[Experiment] Chinese Traditional
@ZJaume FYI these are the hacks I'm adding to train zh-hant. They are not meant to be landed as is to main.
mono hplt was filtered down to just 29M lines. (52 on import and everything else with cleaning). I wonder if it's too agressive. I tried fasttext model manually and it makes mistakes quite often. import, stats, cleaning
Only 24M of parallel corpus examples left (stats, group)
When I trained zh-en in Simplified, corpus size was 86M (stats, group)
@ZJaume do you have ideas why such a big difference? Can it be the new nllb fasttext model? We currently identify only zh code with it without the script. We do the conversion from Simplified to Traditional before that on data import step.

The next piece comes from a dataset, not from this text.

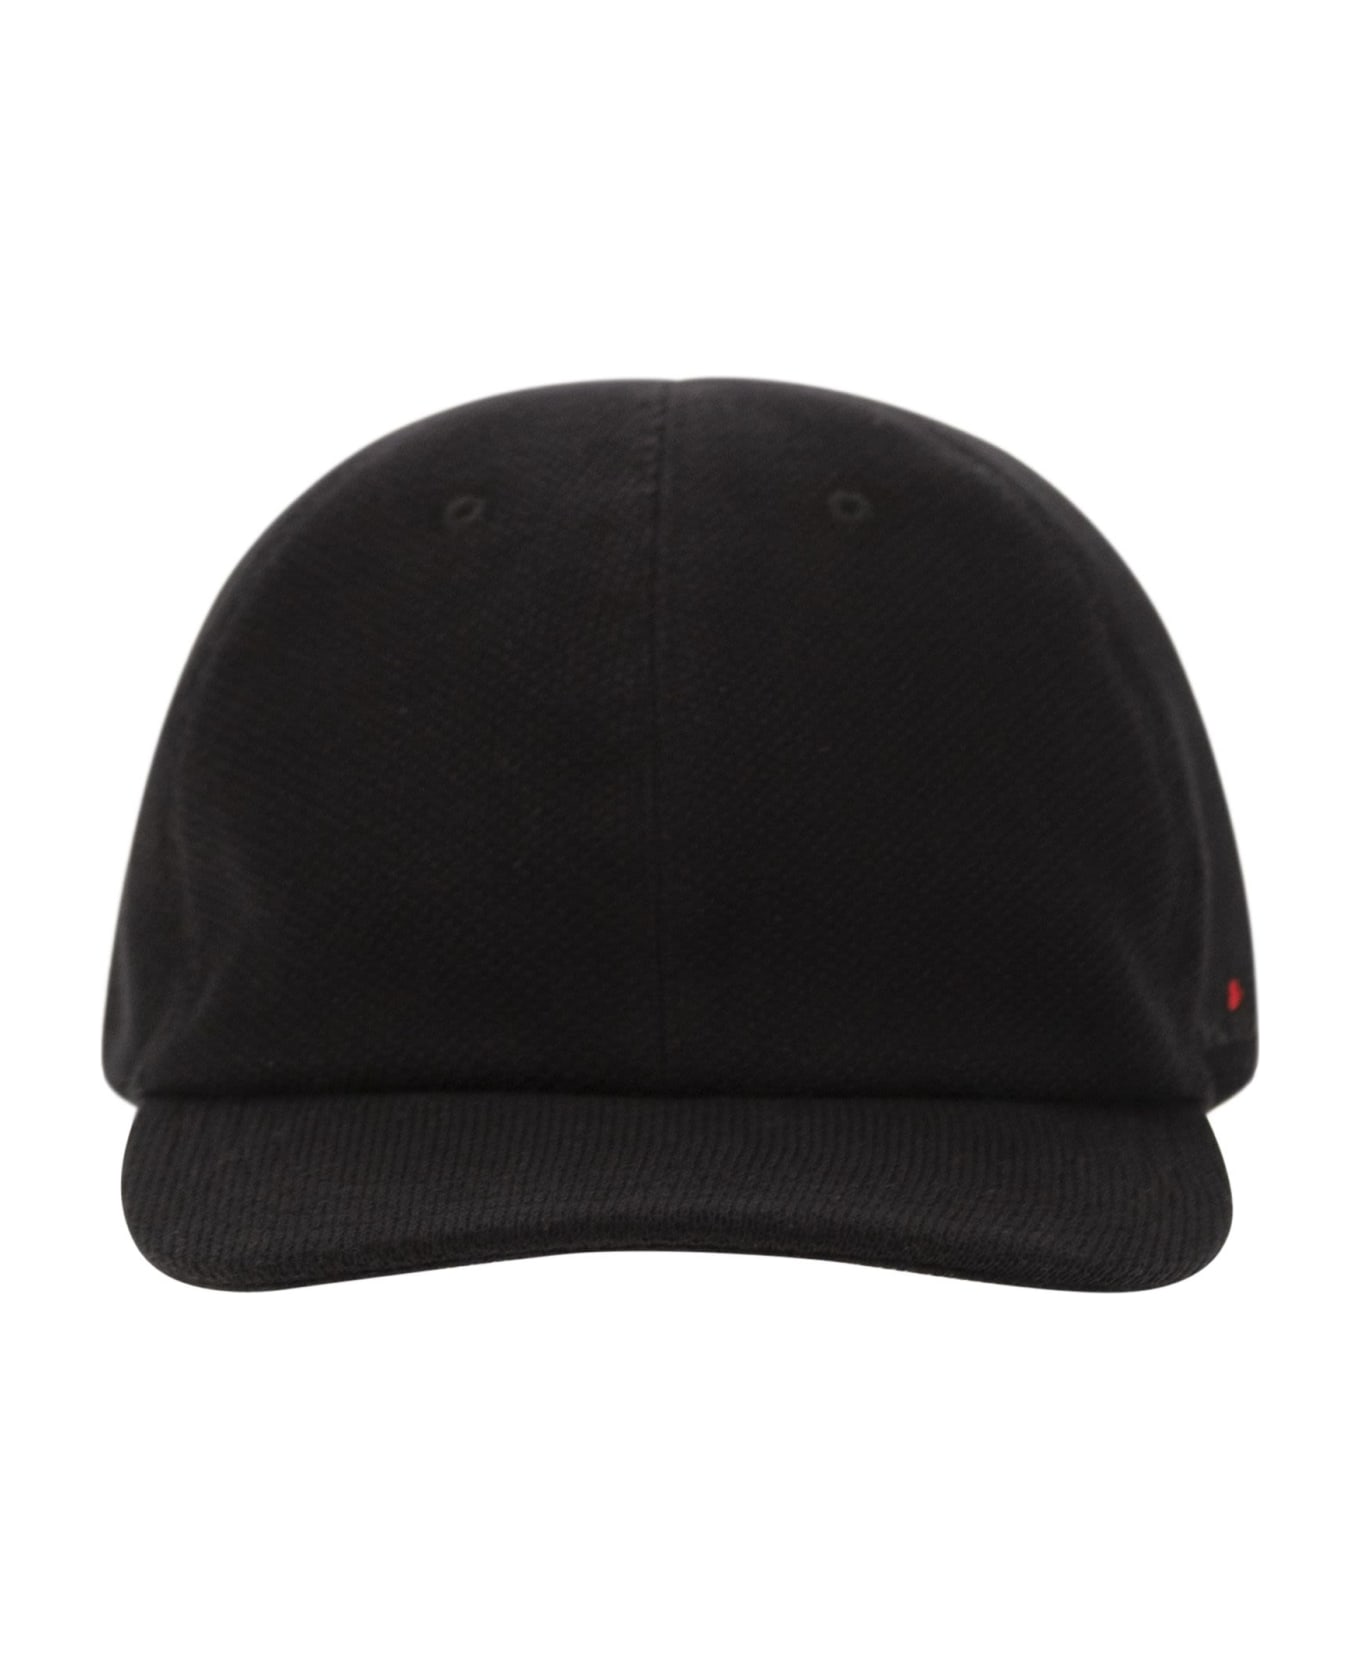 Kiton Cotton Baseball Cap - Black

I wonder if the model didn't like the converted texts.
NLLB was filtered from 71M to 24M 61M from 71M are examples that were converted from Simplified to Traditional.
So, regarding mono hplt this seems to be the cleaning summary:
22735836 HPLT_LID_SEGMENT
29798622 DUPLICATE
2028464 CLEAN_LID
3920256 RATIO_ALPHA
3683762 RATIO_CHARS
11074337 TOO_LONG
things that I think may be addressed:
- Relax too long, which is limited to 150 chars in the case of CJK and it seems that debug.txt lines discarded by this rule are not that long to be discarded, I would say.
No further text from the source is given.